Il nostro Dojo, Kendo e cultura

Storia del Mizuta Kendo Club

Dalle origini a oggi

Il M° Shigenori Mizuta e il M° Ermanno Ceriello a Modena, 4 dicembre 2016.

Il Kendo a Venezia nacque nel 1990, per merito di un’iniziativa della palestra Tadashi Koike (Mestre) che, contattando l’Associazione Italiana Kendo (AIK), incaricò Livio Lancini (allora 2 dan) di iniziare un nuovo corso di Kendo.
Grazie al sacrificio di Livio, che ogni sabato affrontava il viaggio da Brescia a Mestre, si creò il primo nucleo di Kendoka veneziani. Dopo un anno, gli intraprendenti Kendoka, tra i quali Ermanno Ceriello, iniziarono un’attività parallela anche in centro storico, la palestra era piccola ma il morale alto.
Nasceva il Mizuta Kendo Club, in onore del Sensei Shigenori Mizuta 8º Dan Hanshi, grande amico e mentore di Ermanno.
L’attività continuò con costanza, alcuni problemi per trovare gli spazi hanno un po’ caratterizzato questi anni, fino a che problemi logistici non costrinsero i Kendoka a lasciare la città lagunare, soprattutto per incontrare le necessità dei sempre più numerosi partecipanti non veneziani: il club, continua ad essere tutt’oggi un gruppo corposo.

Lo spirito del Dojo

Vorremmo fosse chiaro lo spirito con cui il Kendo è praticato da noi come dalla maggior parte dei kendoka, perciò se non l’avete ancora fatto, date un occhio alla sezione “Il Kendo“, questo vi aiuterà a comprendere quali siano i veri obiettivi di questa disciplina!

Il Kendo non può essere praticato come “tecnica di combattimento” perchè nella vita quotidiana non capiterà mai di combattere con la “spada alla mano”. Ciò che colpisce negli anni di pratica, sono gli aspetti secondari della Via della spada, che tanta influenza ha anche nella vita di tutti i giorni, nel carattere di chi si trova a combattere mettendo in gioco tutto se stesso, ma con il più profondo rispetto del suo avversario.

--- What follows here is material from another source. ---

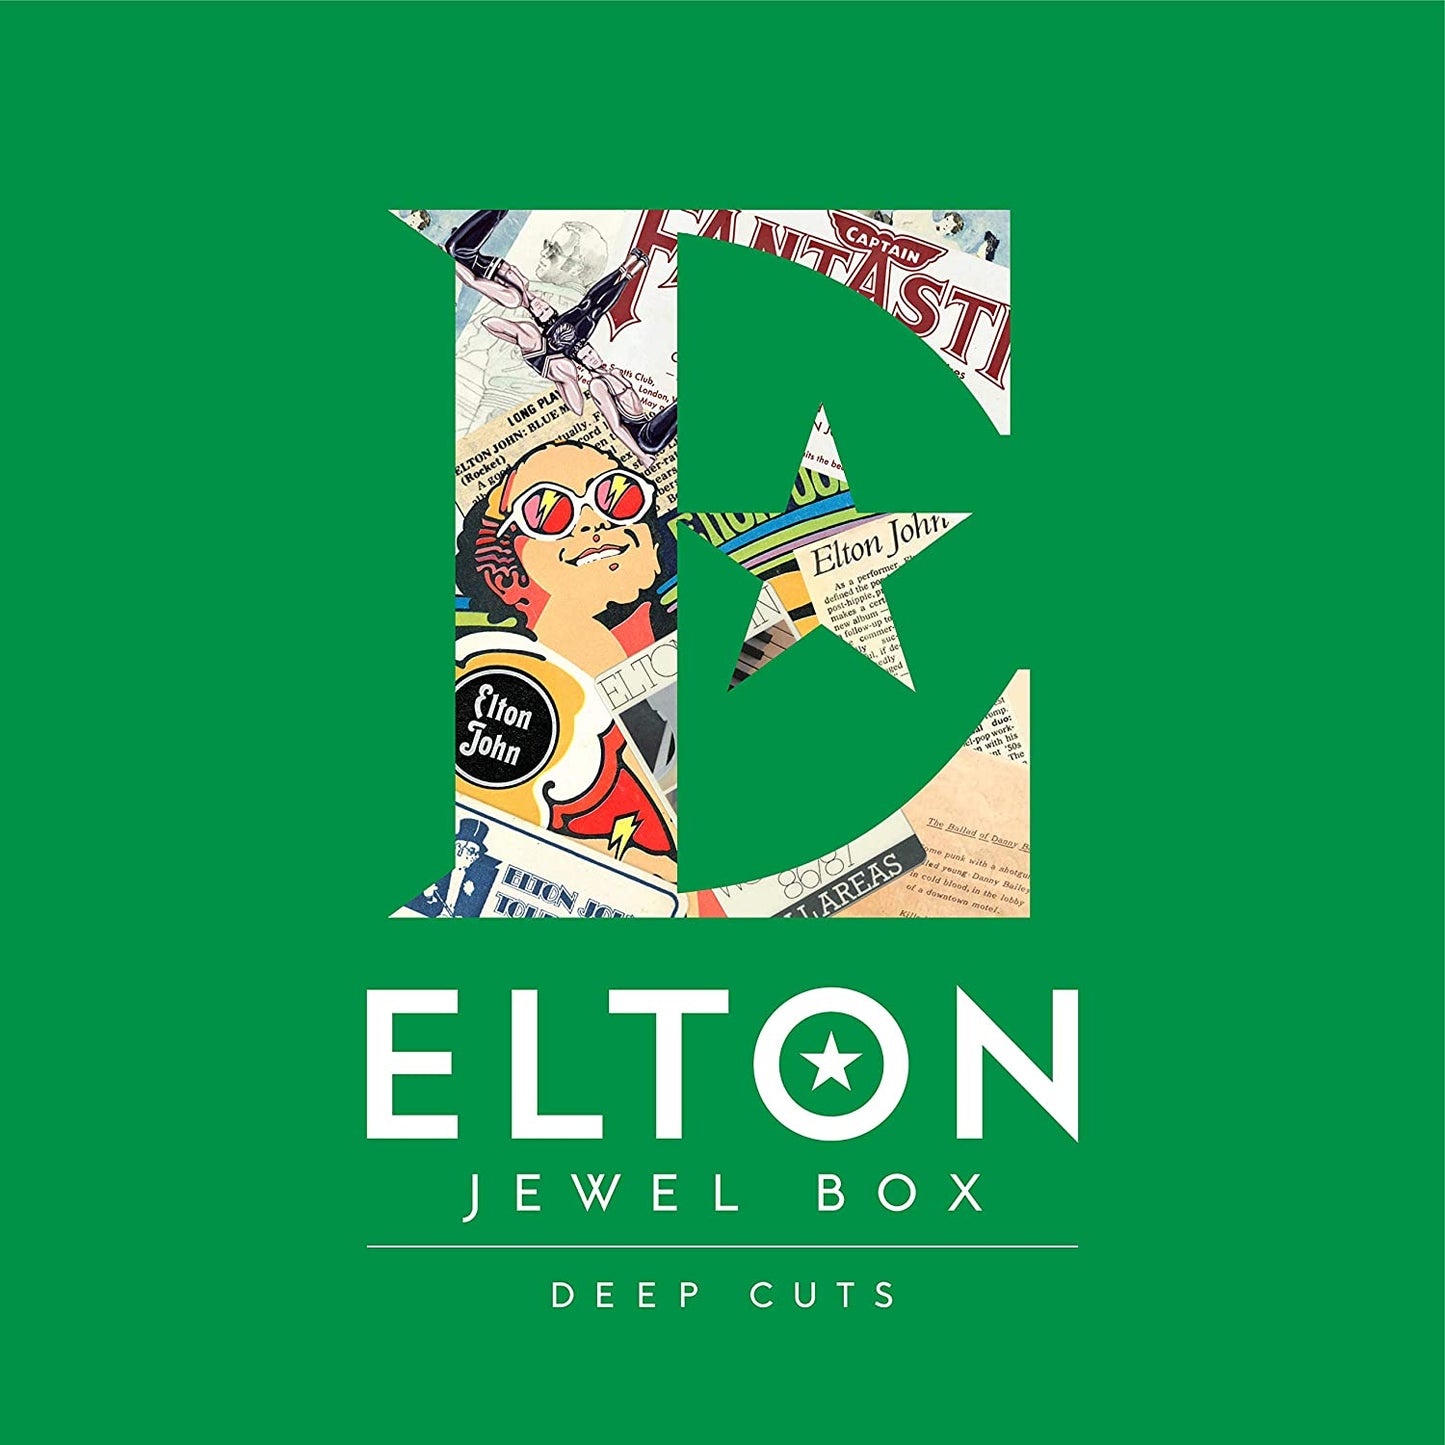 John, Elton/Elton: Jewel Box Deep Cuts (4LP Set)

Non bisogna però aspettarsi che gli allenamenti siano una sorta di dibattito filosofico, la verità è che il Kendo offre i suoi benefici semplicemente attraverso la pratica dei suoi esercizi. Nel Kendo si lavora e ci si concentra per migliorare il proprio Kendo, tutto il resto viene da se, compresa l’atmosfera di amicizia e collaborazione che si crea nei dojo.

Agonismo, rivalità, e certe forme di gerarchia che s’incontrano in altre discipline, sono totalmente assenti nel Kendo. I principianti godono dello stesso rispetto, considerazione e amicizia, riservata ai praticanti più esperti nonchè all’istruttore stesso.

Tutto questo è vero per il Dojo di Venezia come per tutti gli altri Dojo che abbiamo conosciuto, ed il medesimo spirito si può respirare anche in occasione degli stage nazionali ed internazionali, nonchè quando c’è l’opportunità di ospitare maestri e praticanti giapponesi.

 

Cogliete quindi l’occasione, provate a praticare e…GAMBATTE KUDASAI!